A non-invasive, non-radioactive method for detecting current H. pylori infection. Test is not acceptable for patients under the age of 3 yr. For patients under the age of 3, see H. pylori Ag, stool.

See Health Facts for You, "Urea Breath Test Instructions".

• Inform the patient that the Citrica Solution contains phenylalanine. Patients with Phenylketonuria disease (PKU) need to restrict dietary phenylalanine.
• The patient should fast and abstain from smoking for at least one hour prior to and during administration of the BreathID UBT.
• Test is contraindicated for patients that have taken antimicrobials or bismuth preparations two weeks prior to administering the BreathID UBT.
• For test of cure, perform test at least 4 weeks after completion of therapy to avoid false negative tests.

Samples may be collected in the University Hospital Outpatient lab, University Health Services lab, Junction Road Lab, East Clinic Lab and DHC Lab. For UH inpatients, call the UH Outpatient lab at (608)263-6033 to schedule the collection with a phlebotomist. A baseline breath sample is collected and then a post-dose breath sample is collected 15 minutes after ingestion of Citrica Solution.  

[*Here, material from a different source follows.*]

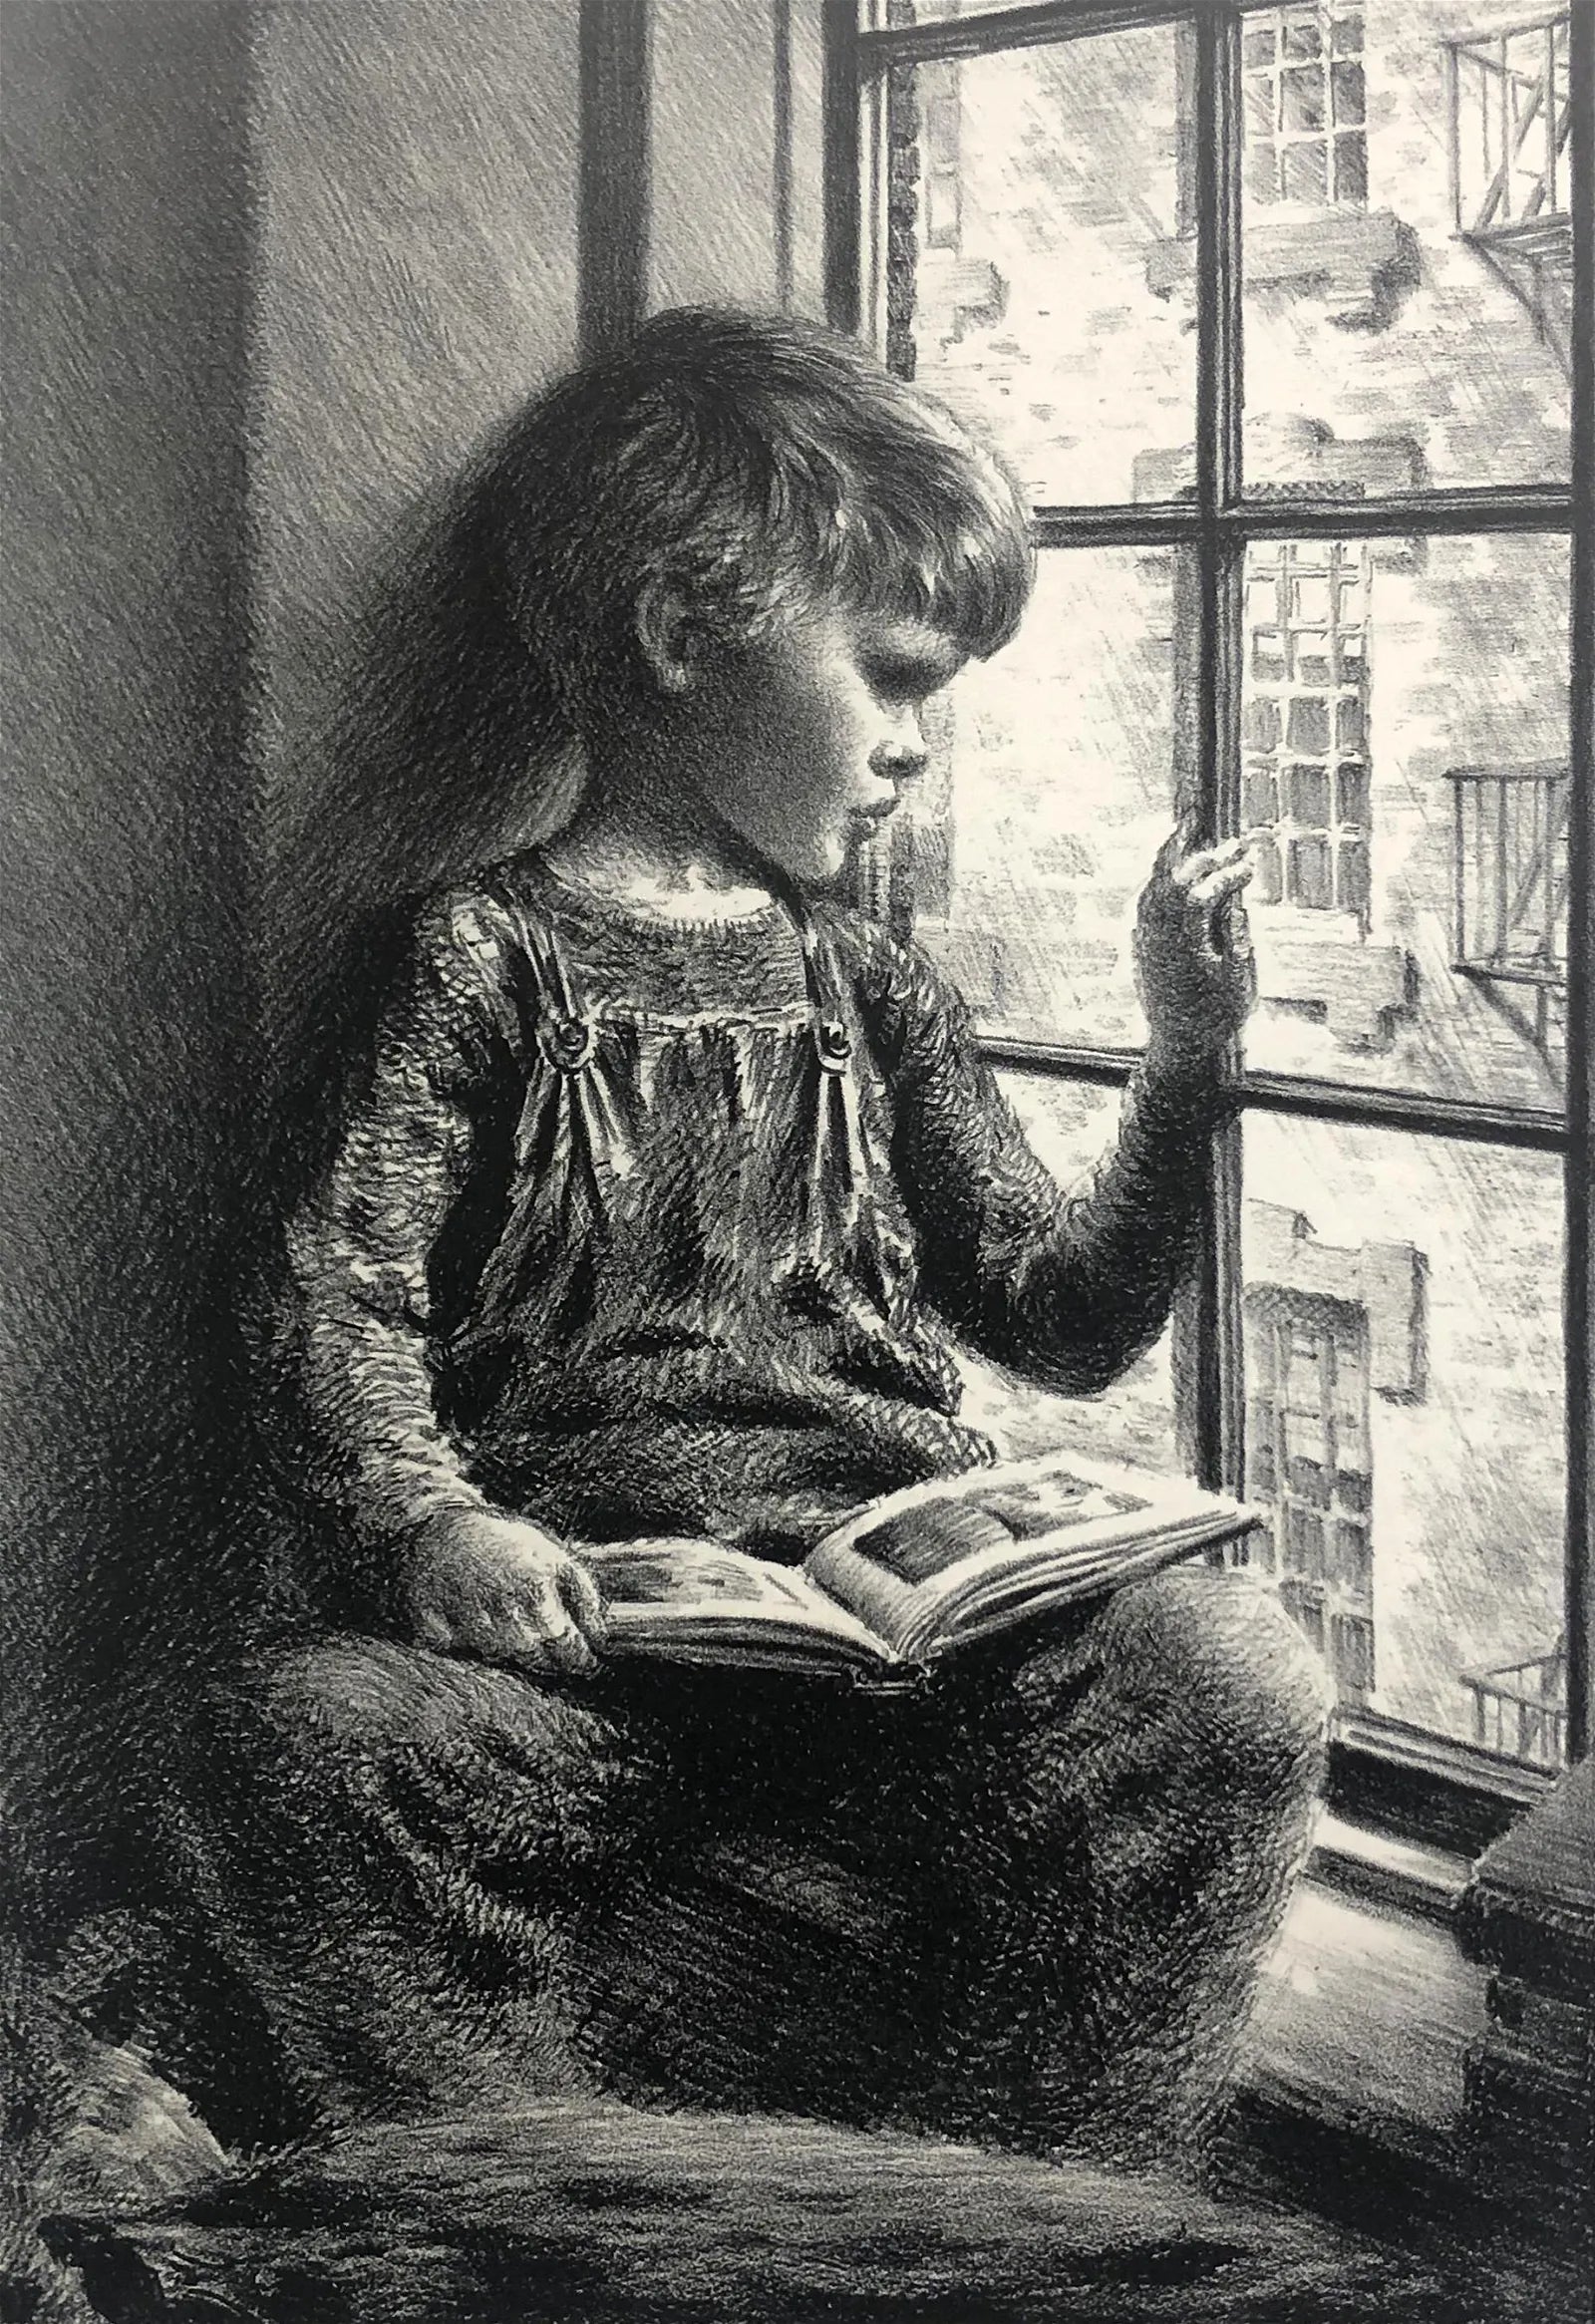 AW8-010: James Ormsbee Chapin - Circa 1943 - Lithograph - "Child at Window"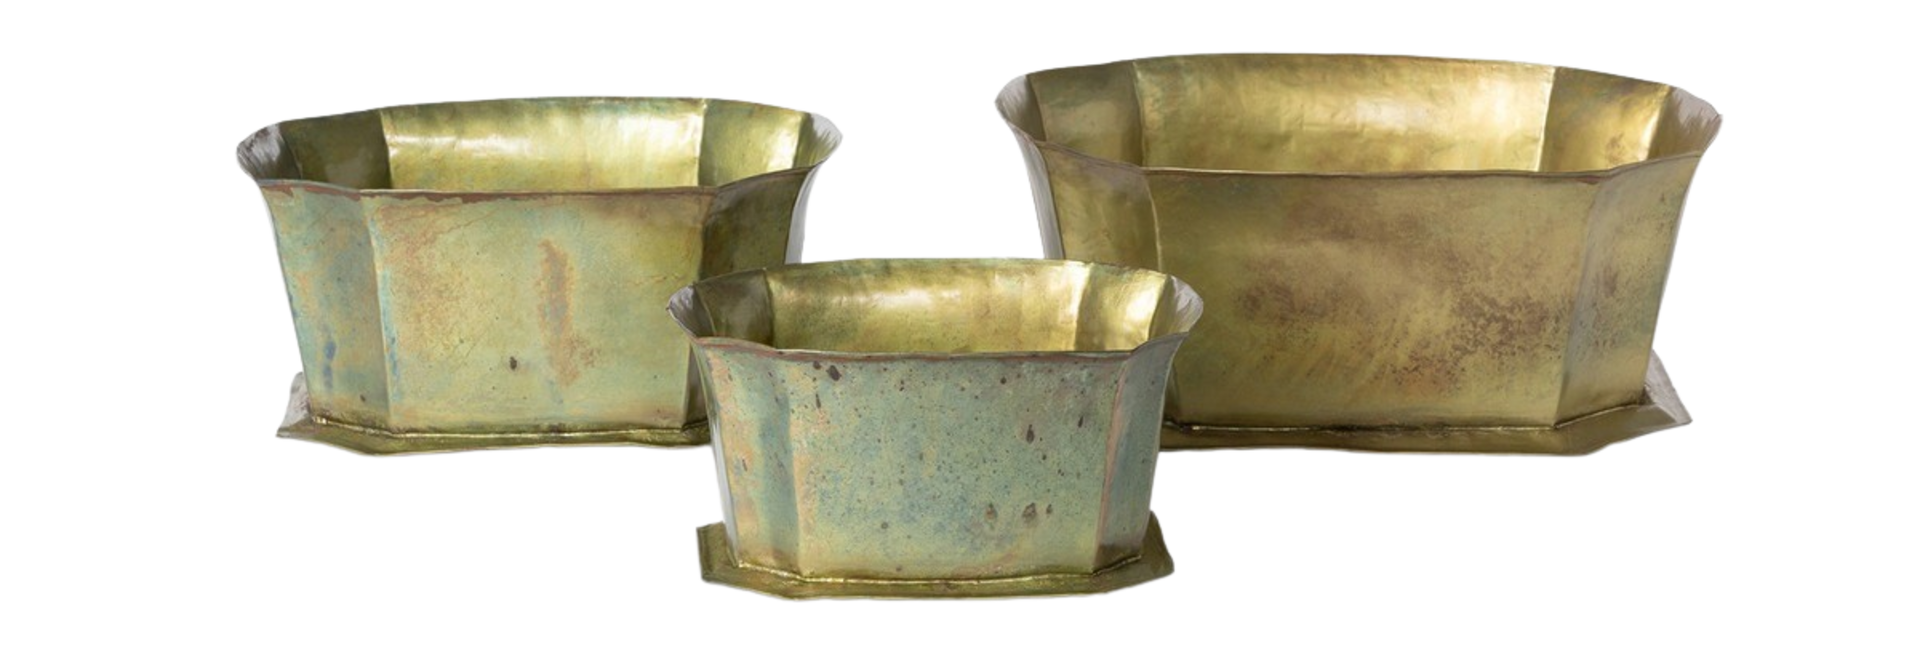 Conservatory | The Planter Collection, Patina Bronze - 13 Inch x 11 Inch x 5.75 Inch

Collection instructions are available from the laboratory. Contact phlebotomy at (608)263-6033.

Transport specimen to the laboratory. Do not refrigerate or freeze the bags.

Bags that are not fully inflated are not acceptable. If only one of the two bags is submitted the sample is not acceptable.  Bags that are not capped are not acceptable.

Test is not acceptable for patients under the age of 3 yr. For patients under the age of 3 the H. pylori stool antigen is recommended.

3 years and up: Negative

A set of pre/post-ingestion breath bags will be accepted once every 5 days.

The performance characteristics for patients under the age of 3 have not been established for this test.

Patient must be off these drug(s) for at least 2 weeks prior to testing: 

• Antimicrobial agents (antibiotics) by oral, IV, or IM administration
• Bismuth preparations such as Pepto-Bismol®, Kaopectate®, or Helidac®.

Other known causes of false negative results include administration of the breath test less than 4 weeks after completion of therapy to eradicate H. pylori and premature or late collection of the post-ingestion sample.

Test can be performed if patient is on proton pump inhibitors or H2 blockers.  If a patient is on proton pump inhibitors or H2 blockers, a positive test can be considered positive; however, a negative test should be repeated after patient has been off proton pump inhibitors and H2 blockers for 2 weeks.

Known causes of false positive results include patients with achlorhydria, the presence of other gastric spiral organisms such as Helicobacter heilmanii, and rinsing the Citrica Solution in the mouth which allows contact of the solution with other urease positive bacteria.

Data is insufficient for recommending the use of this test on patients with total or partial gastrectomy or pregnant or lactating women.

The H. pylori breath test is considered the gold standard for the diagnosis of H. pylori infection.

Unlike serology, the breath test is positive only with active infection and can also be used to monitor response to therapy. A negative result does not rule out the possibility of H. pylori infection.

If clinical signs are suggestive of H. pylori infection, retest with a new sample or alternate method.